И мне кажется, что нужно отдать должное Тарковскому, так убедительно показавшему, что для этого ребенка, тяготеющего к самоубийству, нет различия между днем и ночью. В любом случае он живет не с нами. Его поступки и видения тесно переплетены. Посмотрите на его отношения с взрослыми. Он живет среди бойцов. Офицеры, славные, смелые люди, но люди «нормальные», не пережившие трагического детства, занимаются им, любят его, хотят любой ценой вернуть его в «нормальное состояние», отправить в тыл, в школу. На первый взгляд ребенок мог бы, как в одной из повестей Шолохова, найти среди них человека, который заменил бы ему потерянного отца. Слишком поздно: ему не нужны даже родные, неизбывный ужас пережитой бойни обрекает его на одиночество. И офицеры, в конце концов, начинают относиться к ребенку со смешанным чувством нежности, ужаса и болезненной подозрительности. Они видят в нем доведенное до совершенства чудовище, одновременно прекрасное и почти отталкивающее, самоутверждающееся лишь в смертоносных порывах (сцена с ножом). Это существо не в силах порвать нити, связывающие его с войной и смертью; ему отныне необходим этот зловещий окружающий мир; освобождающееся от страха в разгар битвы в тылу, оно будет изглодано тревогой.
Маленькая жертва знает, что ей нужно: породившая ее война, кровь, мщение. Тем не менее два офицера любят мальчика; что же касается его чувств к ним, можно лишь сказать, что они не вызывают у него неприязни. Дорога любви закрыта для него навсегда. Его кошмары и видения не случайны. Речь идет не о режиссерских изысках и даже не о попытке проникновения в детское подсознание: они абсолютно объективны, мы продолжаем видеть Ивана извне точно так же, как в реальных сценах.

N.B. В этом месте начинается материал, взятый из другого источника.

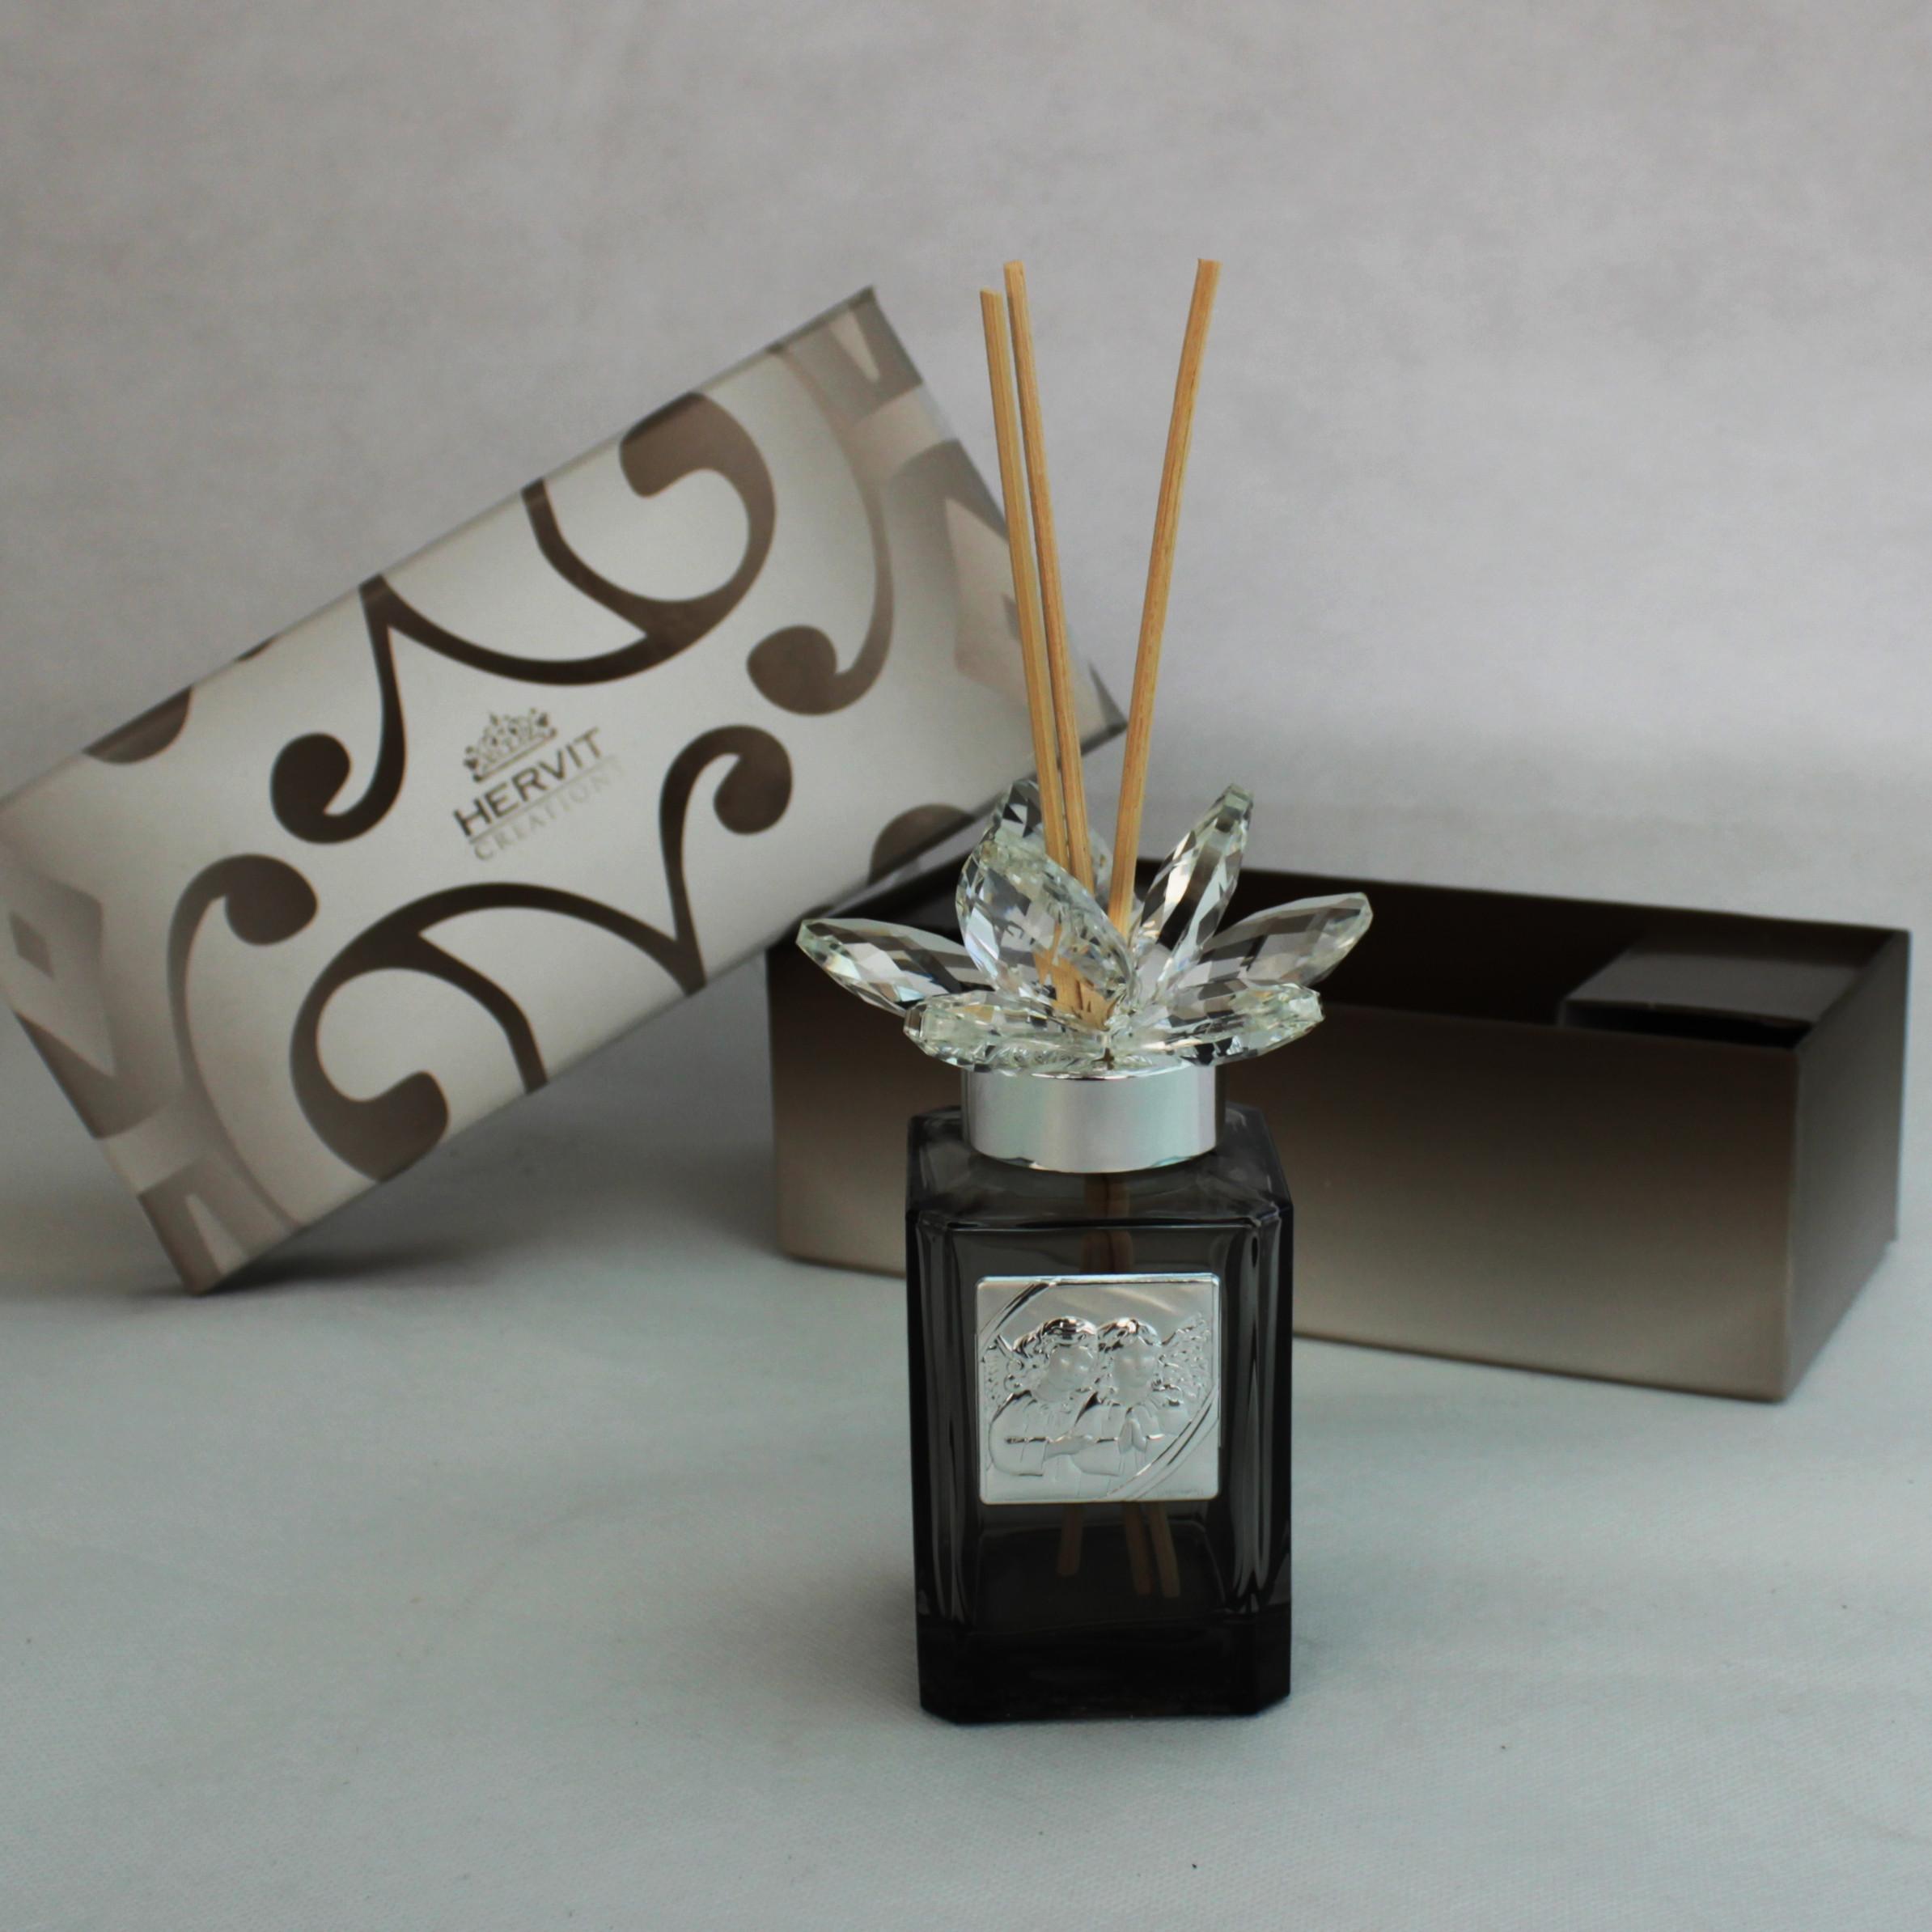 Profumatore Hervit con fiore in cristallo Angeli Puttini

Дело в том, что для этого ребенка весь мир - галлюцинация, а сам он, чудовище и мученик, - галлюцинация для других, окружающих его в этом мире. Именно поэтому уже первый эпизод вводит нас в реальный и одновременно фантастический мир, мир ребенка и войны, начинающийся реальным бегом Ивана через лес и кончающийся вымышленной смертью матери (она действительно погибла, но при других обстоятельствах, и мы никогда не узнаем - каких, поскольку эта драма слишком глубоко похоронена и всплывет лишь в преображенном виде, смягчающем ее ужасную наготу). Безумие? Реальность? И то и другое: на войне все солдаты безумны, и этот чудовищный ребенок - объективное доказательство их безумия, потому что он безумнее остальных. Речь, следовательно, идет не об экспрессионизме или символизме, а о манере повествования, диктуемой самим сюжетом, которую молодой поэт Вознесенский назвал «социалистическим сюрреализмом».